Una práctica que se repite partido a partido tiene una explicación biomecánica y otra psicológica. La ciencia todavía no encontró pruebas de que mejore el rendimiento.
En este Mundial 2026, una escena se repite partido a partido: varios futbolistas saltan al campo con agujeros en las pantorrillas de sus medias. En redes sociales abundan las teorías sobre una supuesta ventaja competitiva, pero la práctica no es nueva: se viene viendo en Eurocopas, Juegos Olímpicos y otras competiciones internacionales durante la última década.
Las medias profesionales de fútbol están diseñadas para ser ajustadas.

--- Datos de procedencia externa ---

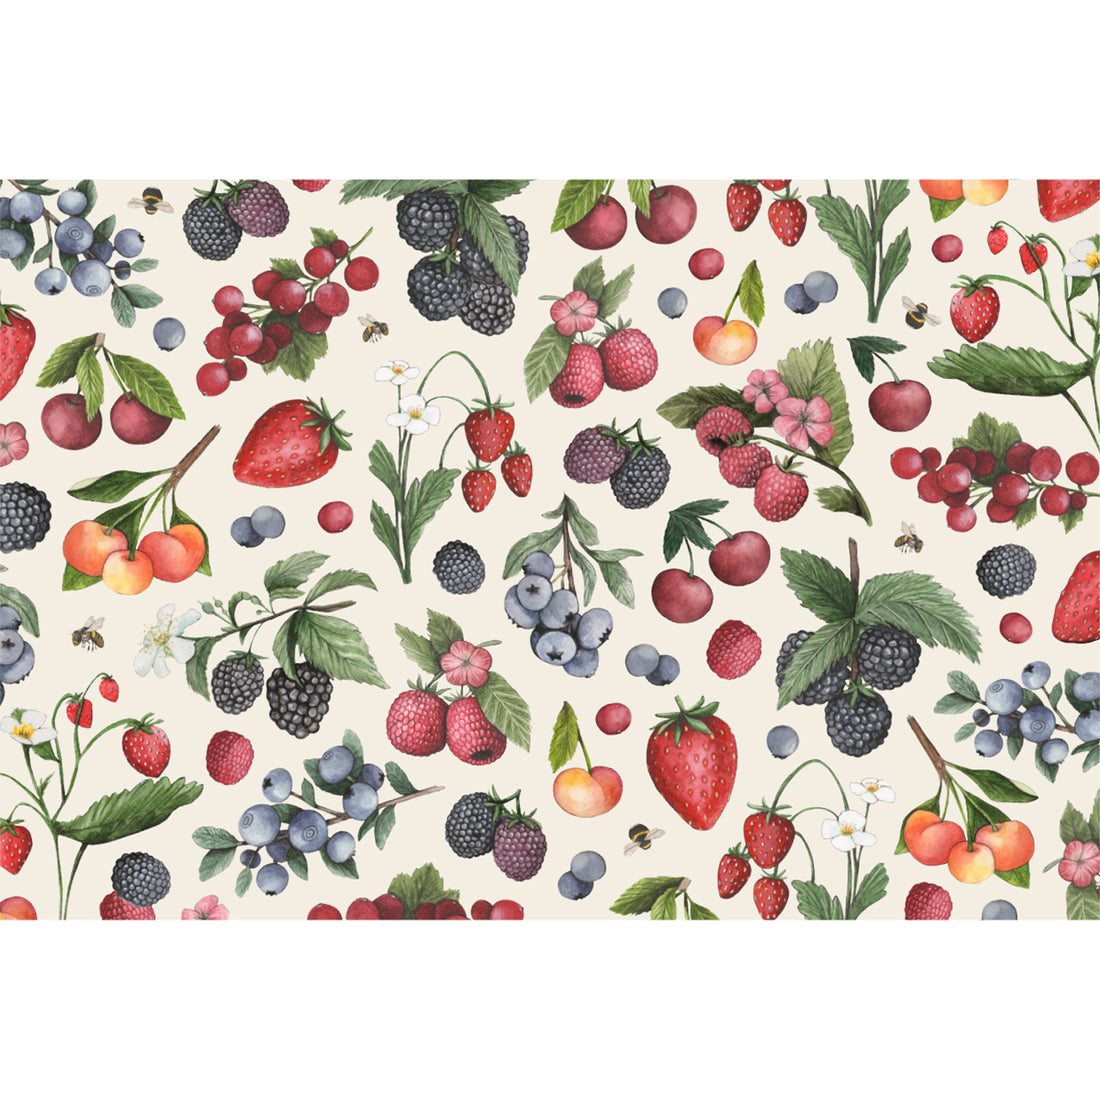 An illustrated scatter of various vibrant berries in red, blue, purple and orange, with green leaves and white blossoms on a cream background.

Además de sujetar las espinilleras, brindan soporte al tobillo, al arco del pie y a la pantorrilla, ayudan a controlar la humedad y reducen el movimiento del pie dentro del botín. Sin embargo, varios jugadores se quejaron de que las sienten demasiado apretadas y experimentan una sensación de hormigueo y entumecimiento en la zona de la pantorrilla. La solución que encontraron es simple y directa: hacer agujeros en la tela para «liberar tensión» y correr mejor.
El fenómeno tiene una explicación biomecánica. Durante una carrera o un cambio de dirección, el músculo de la pantorrilla se contrae y aumenta su grosor para generar la fuerza que impulsa al atleta. Ese cambio de forma ocurre miles de veces durante un partido. Para algunos futbolistas, esa expansión repetida genera una sensación de presión cuando la media ejerce compresión constante sobre el músculo.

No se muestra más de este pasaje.